__Work order__:
Repeat the following lines exactly and nothing else: the line containing "UGLIES Graffiti Jungle" and each line after it through the end of the listing.
** Dataset records follows **
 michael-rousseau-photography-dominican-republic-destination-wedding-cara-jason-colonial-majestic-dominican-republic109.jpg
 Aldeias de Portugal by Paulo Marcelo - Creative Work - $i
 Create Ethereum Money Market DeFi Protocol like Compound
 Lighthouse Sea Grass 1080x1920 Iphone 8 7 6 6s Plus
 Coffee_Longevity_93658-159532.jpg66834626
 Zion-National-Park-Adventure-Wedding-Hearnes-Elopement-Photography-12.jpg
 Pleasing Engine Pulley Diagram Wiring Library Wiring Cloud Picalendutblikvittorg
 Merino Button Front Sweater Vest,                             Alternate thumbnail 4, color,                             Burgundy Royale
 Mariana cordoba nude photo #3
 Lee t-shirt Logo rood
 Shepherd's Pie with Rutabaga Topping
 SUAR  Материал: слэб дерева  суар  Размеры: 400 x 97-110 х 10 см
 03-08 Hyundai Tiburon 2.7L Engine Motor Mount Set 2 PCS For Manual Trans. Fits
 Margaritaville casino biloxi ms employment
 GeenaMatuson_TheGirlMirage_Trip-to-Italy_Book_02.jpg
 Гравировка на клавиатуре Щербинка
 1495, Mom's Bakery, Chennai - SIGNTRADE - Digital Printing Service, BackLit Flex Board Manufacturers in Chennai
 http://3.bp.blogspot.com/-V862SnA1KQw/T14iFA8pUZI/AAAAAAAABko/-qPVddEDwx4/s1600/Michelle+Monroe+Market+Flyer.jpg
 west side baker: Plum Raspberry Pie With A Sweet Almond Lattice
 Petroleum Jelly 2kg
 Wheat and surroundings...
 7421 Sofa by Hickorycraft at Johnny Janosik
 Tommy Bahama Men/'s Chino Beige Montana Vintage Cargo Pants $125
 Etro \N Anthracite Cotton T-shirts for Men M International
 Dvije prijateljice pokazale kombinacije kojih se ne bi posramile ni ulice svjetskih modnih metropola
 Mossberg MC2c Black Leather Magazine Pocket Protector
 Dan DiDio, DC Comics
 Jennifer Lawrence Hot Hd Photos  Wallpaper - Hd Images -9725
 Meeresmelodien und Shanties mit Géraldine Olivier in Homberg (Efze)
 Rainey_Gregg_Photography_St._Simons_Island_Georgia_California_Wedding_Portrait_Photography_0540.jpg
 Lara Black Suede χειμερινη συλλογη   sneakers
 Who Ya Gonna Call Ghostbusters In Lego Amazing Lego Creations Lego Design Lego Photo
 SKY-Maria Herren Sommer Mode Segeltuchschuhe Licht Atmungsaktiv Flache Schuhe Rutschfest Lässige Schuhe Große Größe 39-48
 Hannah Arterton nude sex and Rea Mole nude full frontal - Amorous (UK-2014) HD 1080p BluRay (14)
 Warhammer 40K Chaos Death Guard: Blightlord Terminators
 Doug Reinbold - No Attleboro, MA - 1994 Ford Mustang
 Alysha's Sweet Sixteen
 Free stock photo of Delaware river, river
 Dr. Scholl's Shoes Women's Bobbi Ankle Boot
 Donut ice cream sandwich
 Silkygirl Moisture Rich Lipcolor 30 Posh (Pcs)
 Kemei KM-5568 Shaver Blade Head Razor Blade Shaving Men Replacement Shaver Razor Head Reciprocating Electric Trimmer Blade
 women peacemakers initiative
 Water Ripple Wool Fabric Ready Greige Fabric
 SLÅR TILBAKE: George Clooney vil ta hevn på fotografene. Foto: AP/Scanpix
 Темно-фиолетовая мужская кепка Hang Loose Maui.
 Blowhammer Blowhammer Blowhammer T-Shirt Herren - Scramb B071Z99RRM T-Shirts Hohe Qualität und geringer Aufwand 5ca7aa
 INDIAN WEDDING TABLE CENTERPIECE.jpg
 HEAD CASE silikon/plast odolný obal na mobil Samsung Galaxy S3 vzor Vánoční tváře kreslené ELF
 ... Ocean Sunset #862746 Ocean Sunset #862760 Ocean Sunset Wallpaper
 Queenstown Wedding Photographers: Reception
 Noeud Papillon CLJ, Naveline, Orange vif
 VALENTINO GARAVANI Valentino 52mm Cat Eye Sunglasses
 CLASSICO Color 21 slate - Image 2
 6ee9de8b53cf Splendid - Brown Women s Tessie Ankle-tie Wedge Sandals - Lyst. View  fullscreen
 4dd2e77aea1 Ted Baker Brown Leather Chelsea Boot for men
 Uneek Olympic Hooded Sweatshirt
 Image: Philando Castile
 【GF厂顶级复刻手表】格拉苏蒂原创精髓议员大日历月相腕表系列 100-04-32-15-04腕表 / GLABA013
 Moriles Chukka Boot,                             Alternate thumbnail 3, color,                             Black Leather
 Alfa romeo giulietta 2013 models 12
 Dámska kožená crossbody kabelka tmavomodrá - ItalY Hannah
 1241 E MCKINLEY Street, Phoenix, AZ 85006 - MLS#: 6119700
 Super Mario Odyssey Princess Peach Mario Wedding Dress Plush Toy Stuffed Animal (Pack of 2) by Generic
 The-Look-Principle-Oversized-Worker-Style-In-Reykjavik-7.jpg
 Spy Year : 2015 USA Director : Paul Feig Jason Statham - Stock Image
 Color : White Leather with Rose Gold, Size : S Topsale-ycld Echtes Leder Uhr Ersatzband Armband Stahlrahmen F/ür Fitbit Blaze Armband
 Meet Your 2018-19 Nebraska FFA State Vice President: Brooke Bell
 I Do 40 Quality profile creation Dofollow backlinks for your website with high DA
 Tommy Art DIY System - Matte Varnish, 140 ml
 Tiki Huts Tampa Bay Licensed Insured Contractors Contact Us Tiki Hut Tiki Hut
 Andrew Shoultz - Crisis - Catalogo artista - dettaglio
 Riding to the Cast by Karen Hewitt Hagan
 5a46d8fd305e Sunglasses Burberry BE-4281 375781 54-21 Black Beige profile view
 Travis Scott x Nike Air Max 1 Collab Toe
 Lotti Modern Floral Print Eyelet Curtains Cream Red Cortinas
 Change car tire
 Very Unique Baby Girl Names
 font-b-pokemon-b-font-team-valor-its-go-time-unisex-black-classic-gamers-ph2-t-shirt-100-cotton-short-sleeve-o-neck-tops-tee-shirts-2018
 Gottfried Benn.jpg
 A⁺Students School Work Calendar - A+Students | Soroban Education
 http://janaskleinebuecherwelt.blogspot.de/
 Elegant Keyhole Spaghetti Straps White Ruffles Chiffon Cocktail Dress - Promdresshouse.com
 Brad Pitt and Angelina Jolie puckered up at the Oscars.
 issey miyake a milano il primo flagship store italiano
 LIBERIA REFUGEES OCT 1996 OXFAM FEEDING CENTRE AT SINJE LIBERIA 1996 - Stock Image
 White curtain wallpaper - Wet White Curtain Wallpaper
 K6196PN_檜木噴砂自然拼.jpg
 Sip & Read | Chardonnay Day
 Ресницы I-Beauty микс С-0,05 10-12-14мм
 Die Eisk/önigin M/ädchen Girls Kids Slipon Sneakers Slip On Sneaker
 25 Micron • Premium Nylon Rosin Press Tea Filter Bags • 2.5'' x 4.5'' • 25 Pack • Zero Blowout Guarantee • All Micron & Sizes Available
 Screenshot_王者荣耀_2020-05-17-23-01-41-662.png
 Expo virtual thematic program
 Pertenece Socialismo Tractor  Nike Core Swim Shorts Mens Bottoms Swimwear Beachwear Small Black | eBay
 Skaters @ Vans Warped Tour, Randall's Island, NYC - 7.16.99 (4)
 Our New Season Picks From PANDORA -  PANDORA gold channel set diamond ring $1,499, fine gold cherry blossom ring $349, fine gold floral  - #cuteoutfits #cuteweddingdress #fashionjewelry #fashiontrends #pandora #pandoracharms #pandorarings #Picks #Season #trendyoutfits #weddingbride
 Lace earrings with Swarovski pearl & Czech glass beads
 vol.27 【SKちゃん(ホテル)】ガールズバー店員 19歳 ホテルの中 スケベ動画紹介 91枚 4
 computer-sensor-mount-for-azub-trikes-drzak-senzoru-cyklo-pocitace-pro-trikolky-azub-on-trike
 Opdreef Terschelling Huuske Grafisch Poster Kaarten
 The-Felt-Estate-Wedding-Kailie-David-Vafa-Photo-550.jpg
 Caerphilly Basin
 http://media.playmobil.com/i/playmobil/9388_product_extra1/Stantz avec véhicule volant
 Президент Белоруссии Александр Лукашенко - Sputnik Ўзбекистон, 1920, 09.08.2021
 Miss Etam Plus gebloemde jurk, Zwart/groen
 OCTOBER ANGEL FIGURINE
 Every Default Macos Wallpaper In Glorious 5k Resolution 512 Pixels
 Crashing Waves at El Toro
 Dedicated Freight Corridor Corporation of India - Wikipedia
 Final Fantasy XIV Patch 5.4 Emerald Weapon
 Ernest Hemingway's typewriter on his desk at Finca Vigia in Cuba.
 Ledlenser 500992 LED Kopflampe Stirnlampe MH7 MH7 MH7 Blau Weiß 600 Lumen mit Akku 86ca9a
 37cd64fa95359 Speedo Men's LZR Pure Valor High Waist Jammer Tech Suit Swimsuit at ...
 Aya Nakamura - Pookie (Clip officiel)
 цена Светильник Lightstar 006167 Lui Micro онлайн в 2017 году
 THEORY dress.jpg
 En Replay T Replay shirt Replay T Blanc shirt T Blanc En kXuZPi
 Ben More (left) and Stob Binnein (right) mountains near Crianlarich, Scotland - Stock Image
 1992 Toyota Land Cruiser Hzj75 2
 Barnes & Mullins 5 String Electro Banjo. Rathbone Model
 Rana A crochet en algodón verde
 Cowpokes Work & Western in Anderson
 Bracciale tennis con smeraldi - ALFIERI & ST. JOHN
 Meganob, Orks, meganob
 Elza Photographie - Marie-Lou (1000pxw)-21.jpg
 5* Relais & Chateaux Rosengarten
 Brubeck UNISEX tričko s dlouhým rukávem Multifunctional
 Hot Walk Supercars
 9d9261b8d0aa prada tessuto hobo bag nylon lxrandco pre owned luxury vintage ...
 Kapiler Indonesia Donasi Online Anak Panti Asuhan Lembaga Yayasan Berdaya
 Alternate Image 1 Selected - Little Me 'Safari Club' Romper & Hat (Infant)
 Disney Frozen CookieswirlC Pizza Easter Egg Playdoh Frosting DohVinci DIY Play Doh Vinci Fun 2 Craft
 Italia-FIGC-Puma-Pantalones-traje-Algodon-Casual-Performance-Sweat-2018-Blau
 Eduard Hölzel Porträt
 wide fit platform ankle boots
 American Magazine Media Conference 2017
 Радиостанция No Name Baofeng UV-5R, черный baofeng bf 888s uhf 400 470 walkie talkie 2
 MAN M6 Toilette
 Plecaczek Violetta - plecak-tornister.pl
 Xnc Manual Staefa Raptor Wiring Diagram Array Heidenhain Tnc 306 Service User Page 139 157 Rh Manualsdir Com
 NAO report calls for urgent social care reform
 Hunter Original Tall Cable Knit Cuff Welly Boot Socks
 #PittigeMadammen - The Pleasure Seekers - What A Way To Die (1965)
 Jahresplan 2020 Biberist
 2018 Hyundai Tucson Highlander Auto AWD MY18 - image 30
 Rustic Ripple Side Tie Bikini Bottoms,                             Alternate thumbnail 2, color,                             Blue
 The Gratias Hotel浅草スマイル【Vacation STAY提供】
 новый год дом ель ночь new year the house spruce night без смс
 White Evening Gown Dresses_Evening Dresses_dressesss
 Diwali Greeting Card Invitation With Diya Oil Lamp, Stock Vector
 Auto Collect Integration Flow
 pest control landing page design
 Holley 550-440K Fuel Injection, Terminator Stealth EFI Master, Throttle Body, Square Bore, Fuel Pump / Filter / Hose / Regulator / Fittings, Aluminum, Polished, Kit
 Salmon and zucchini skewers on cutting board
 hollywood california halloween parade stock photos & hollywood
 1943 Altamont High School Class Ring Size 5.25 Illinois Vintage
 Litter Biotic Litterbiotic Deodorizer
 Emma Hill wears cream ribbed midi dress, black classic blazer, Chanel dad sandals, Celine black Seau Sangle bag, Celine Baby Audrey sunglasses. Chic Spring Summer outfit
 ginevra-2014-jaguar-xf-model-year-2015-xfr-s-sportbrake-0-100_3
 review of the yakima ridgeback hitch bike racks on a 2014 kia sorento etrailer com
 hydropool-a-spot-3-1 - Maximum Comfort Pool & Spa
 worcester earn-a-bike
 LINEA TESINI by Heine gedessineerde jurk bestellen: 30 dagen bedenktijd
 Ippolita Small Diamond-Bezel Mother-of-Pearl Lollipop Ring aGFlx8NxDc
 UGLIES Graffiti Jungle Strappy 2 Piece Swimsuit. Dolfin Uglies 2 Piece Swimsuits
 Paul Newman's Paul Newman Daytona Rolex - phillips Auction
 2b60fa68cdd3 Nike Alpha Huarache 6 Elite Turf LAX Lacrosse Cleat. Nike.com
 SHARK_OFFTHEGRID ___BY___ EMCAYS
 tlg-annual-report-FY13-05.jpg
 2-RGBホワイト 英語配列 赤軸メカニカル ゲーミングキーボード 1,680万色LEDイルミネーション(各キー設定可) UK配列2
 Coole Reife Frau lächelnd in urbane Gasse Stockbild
** End of Dataset records **
__Answer to the problem__:
 UGLIES Graffiti Jungle Strappy 2 Piece Swimsuit. Dolfin Uglies 2 Piece Swimsuits
 Paul Newman's Paul Newman Daytona Rolex - phillips Auction
 2b60fa68cdd3 Nike Alpha Huarache 6 Elite Turf LAX Lacrosse Cleat. Nike.com
 SHARK_OFFTHEGRID ___BY___ EMCAYS
 tlg-annual-report-FY13-05.jpg
 2-RGBホワイト 英語配列 赤軸メカニカル ゲーミングキーボード 1,680万色LEDイルミネーション(各キー設定可) UK配列2
 Coole Reife Frau lächelnd in urbane Gasse Stockbild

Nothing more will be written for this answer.